I looked at this article Willcase attachments get deleted after expunger has deleted all traces of an archived case? and understand that before 25.x, the expunger job in the archival process does not delete the attachments in S3. If we need to clean up S3 for all the expunged cases, how to do it? I could not think of any other approach than using a combination of D_pxListFiles and D_pxDelete APIs. But I doubt if these APIs are effective if we had been storing the attachments in S3 for several years now. Any suggestions or ideas? @Eliseo_Olla @Will_Cho @Sairohith @Chetan.Chaudhari

My suggestion is to use S3 Lifecycle Rules.

How it works:

  • Configure S3 lifecycle policies at the bucket level

  • Example strategies:

    • Delete objects older than N days

Lifecycle rules operate outside Pega at massive scale and are safe and efficient.

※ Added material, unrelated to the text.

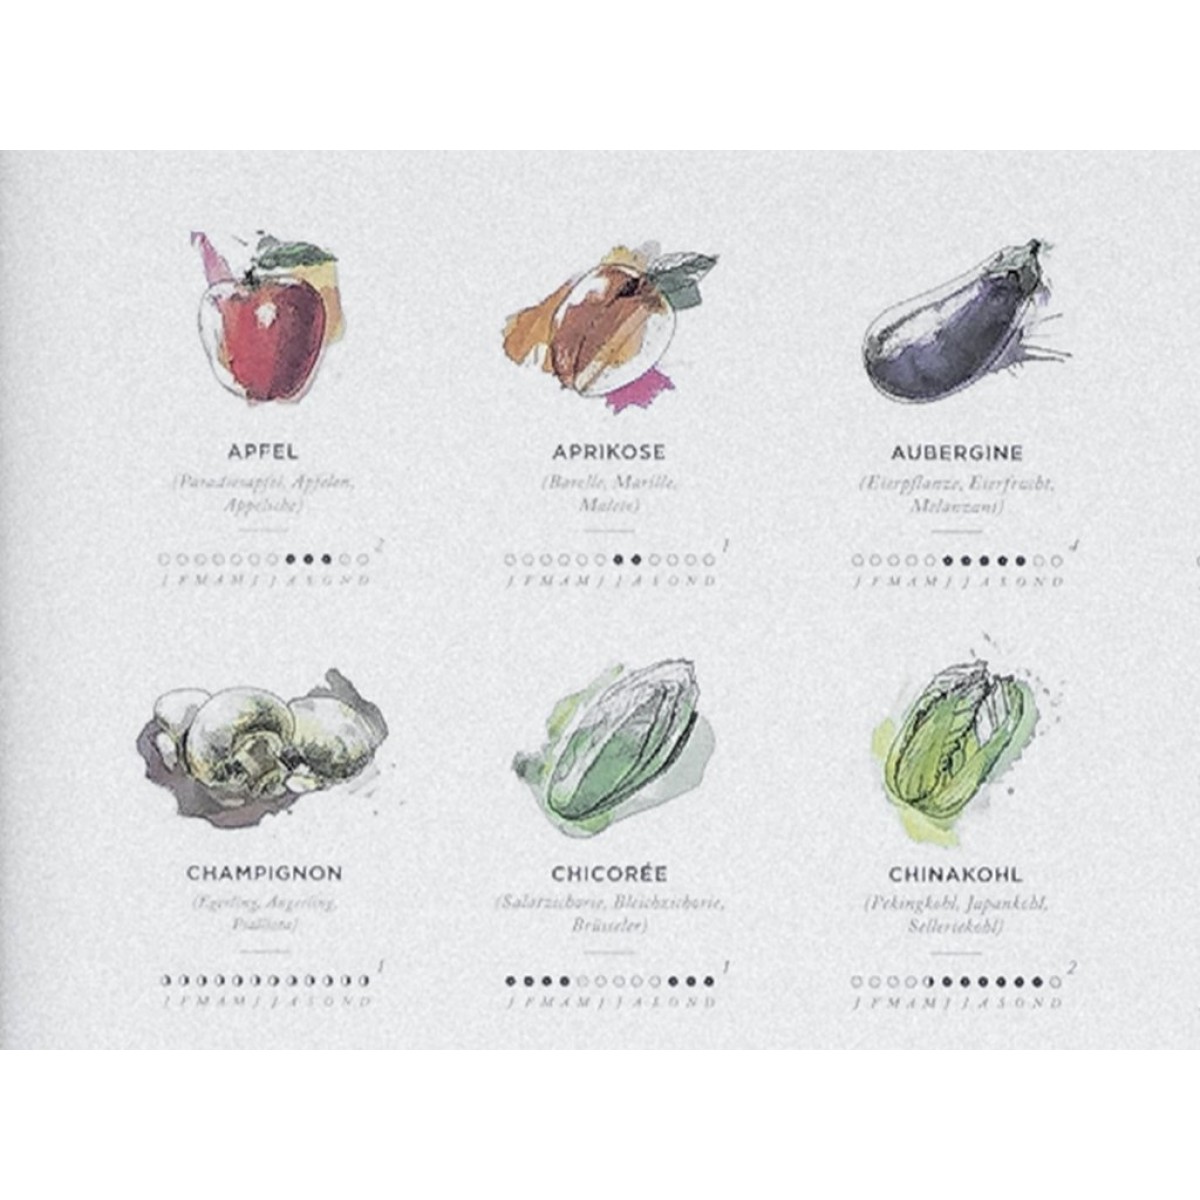 Saisonkalender Obst & Gemüse, Poster/Plakat in Farbe von Kupferstecher.Art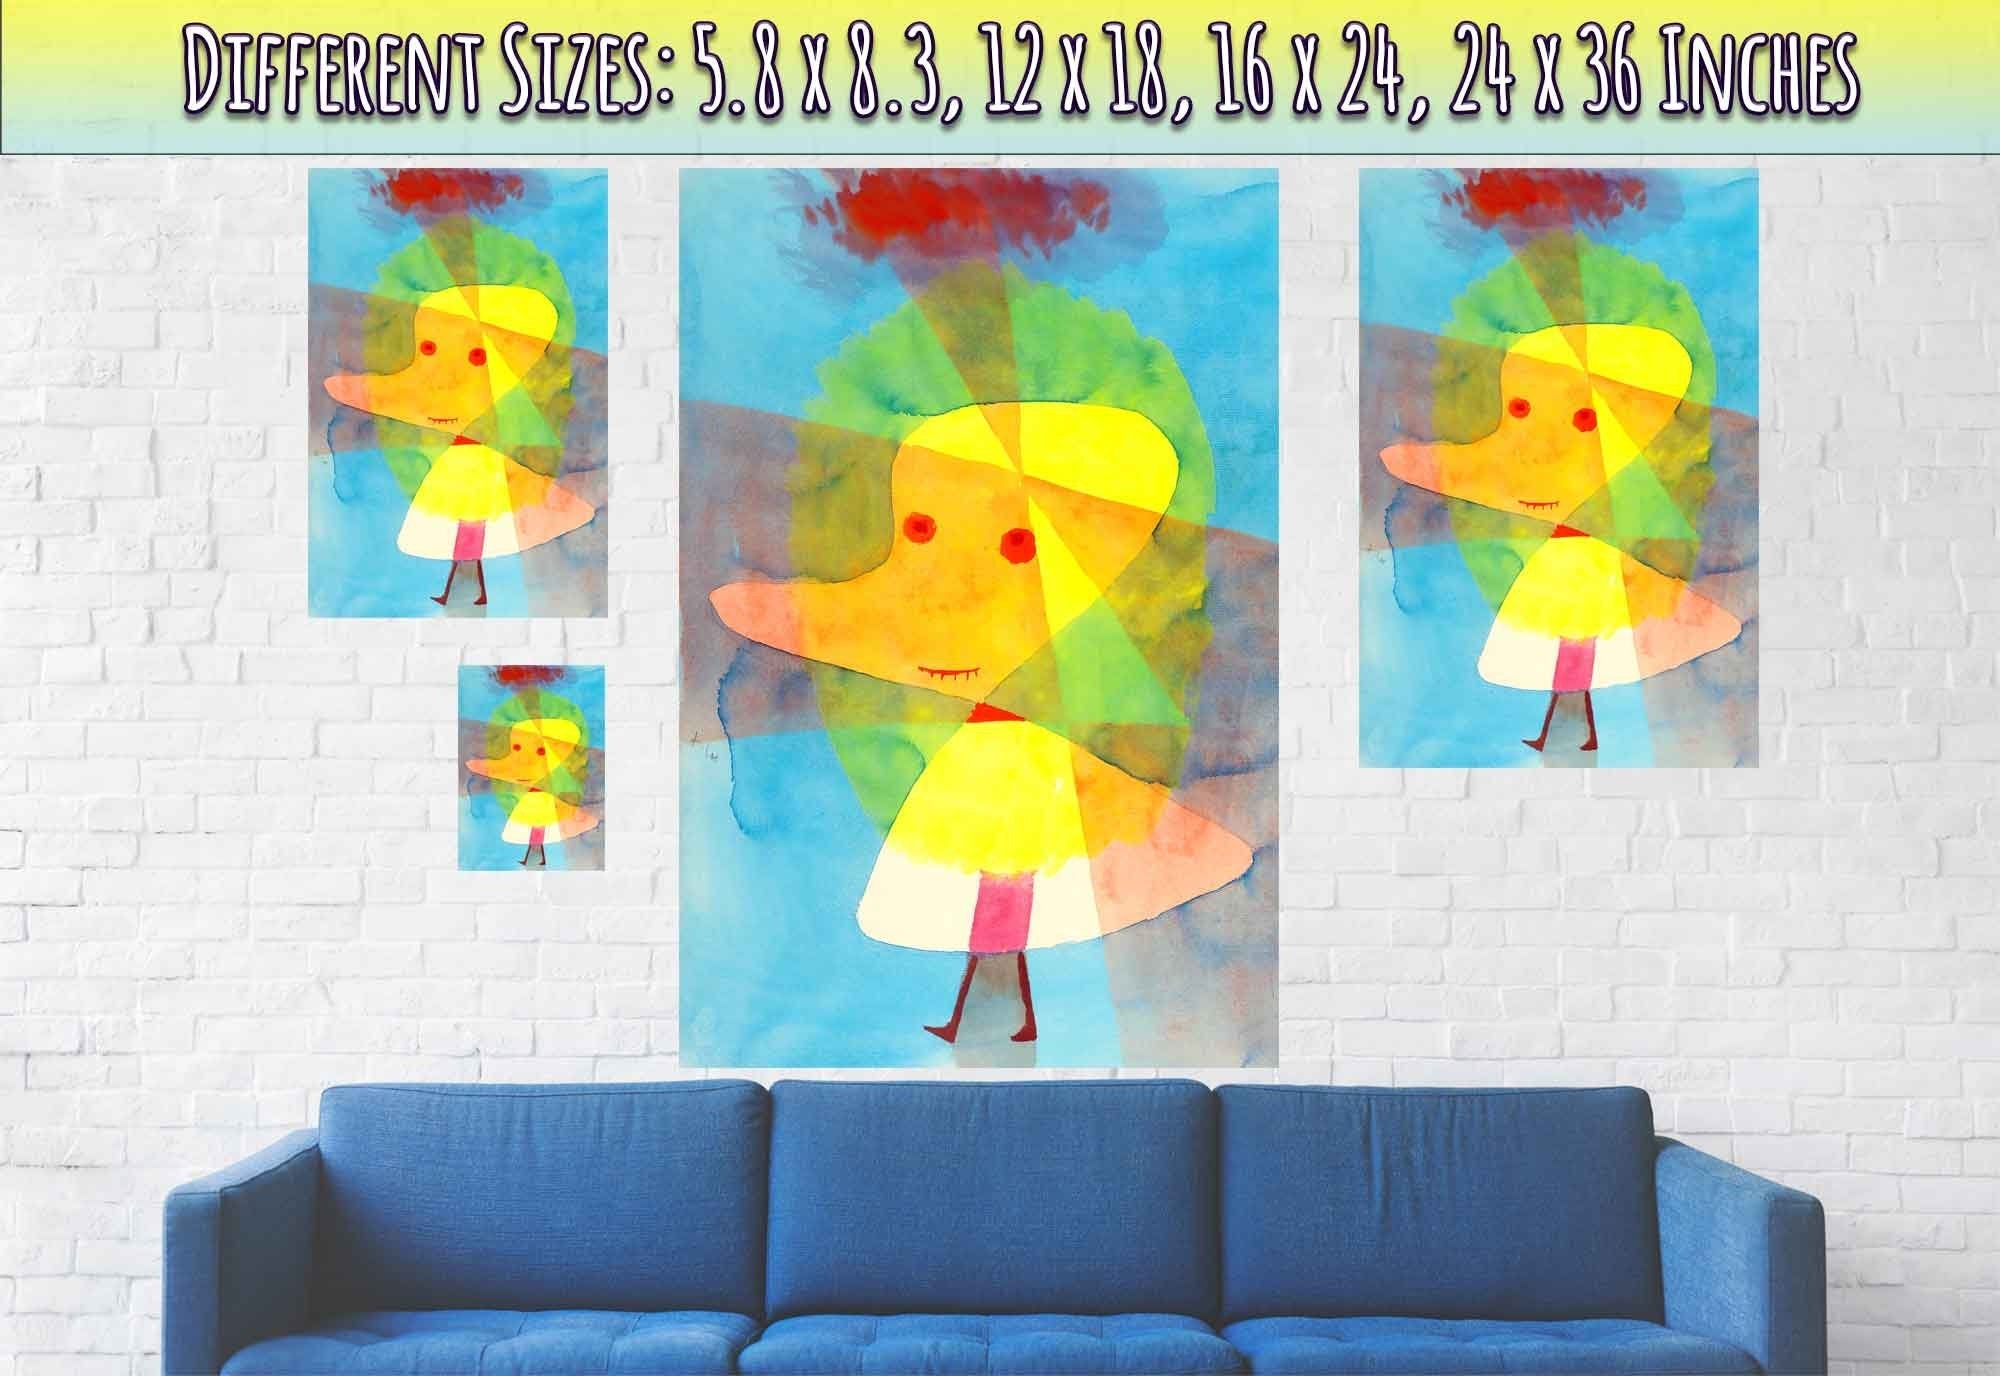 Rubber Duck Poster, Paul Klee Small Garden Ghost Print, Paul Klee Prints Abstract Art - WallArtPrints4U

Another option to run a report definition of joining the tables Data-WorkAttach-File(pxRefObjectKey) and Work table pzInskey (Outer join) to identify the ones which are being purged from Work tables. Now, you can trigger D_pxDelete using the background jobs.

Hi @RameshSangili - the problem with this is, there is no way to find a joining condition to find the attachment object in the S3 from the pzinskey of pc_data_workattach table. Is there a way to link them?

Hi @anandchouti - we are on pega managed cloud. Ideally we want to find a way to do it from our end, but this is for sure a great recommendation if we are on client managed cloud.

Work table - pzInsKey

Data-WorkAttach-File - pxRefObjectKey

if corresponding pxRefObjectKey is not available in the Work table, then you can get the Repo name, Repo file name to delete the attachment from S3

Hi @RameshSangili - that is the challenge here. Even if I find the pxRefObjectkey details from pc_data_workattach table, there is no way to find the corresponding Attachment object in the Repo. Pegacloudfilestorage repository stores the attachments under attachments folder and there is no correlation between the pxRefObjectkey and the attachments folder under Pegacloudfilestorage repo. This one I have already tried finding before posting my question here on the forum. Please let me know if I’m missing something

once the case is expunged, Pega no longer has a reliable case-level link to the attachment object in the repository. So there is no clean OOTB way to go from pzInsKey or even pxRefObjectKey back to the exact S3 object name under pegacloudfilestorage/attachments

That means the suggested D_pxListFiles + D_pxDelete approach only works if you already have some external way to identify the orphaned files for example, a naming convention, a retained metadata index, or a custom mapping table captured at upload time. Without that, you’re basically trying to reverse-engineer the repository path after the fact, and Pega does not expose a direct correlation for that in the cloud storage layout.

For already-expunged cases, there is no referential join from pc_data_workattach to the S3 object if that mapping was never preserved and for Pega Managed Cloud, this is best treated as a separate repository cleanup exercise, not a case-expunge extension.

So Pega way of cleanup is possible only if you have retained enough metadata to identify the objects otherwise there is no standard Pega-native way to do it after expunge

Can you try as your case metadata is gone, you must use a reconciliation process to find and delete the orphaned files. First, create a utility activity to list every file path currently in your S3 bucket and save them into a temporary database table. Next, run a comparison query to identify any file in that table that no longer has a matching case ID in your active work tables. Finally, feed these orphaned paths into a Queue Processor to delete the files from S3 in small batches.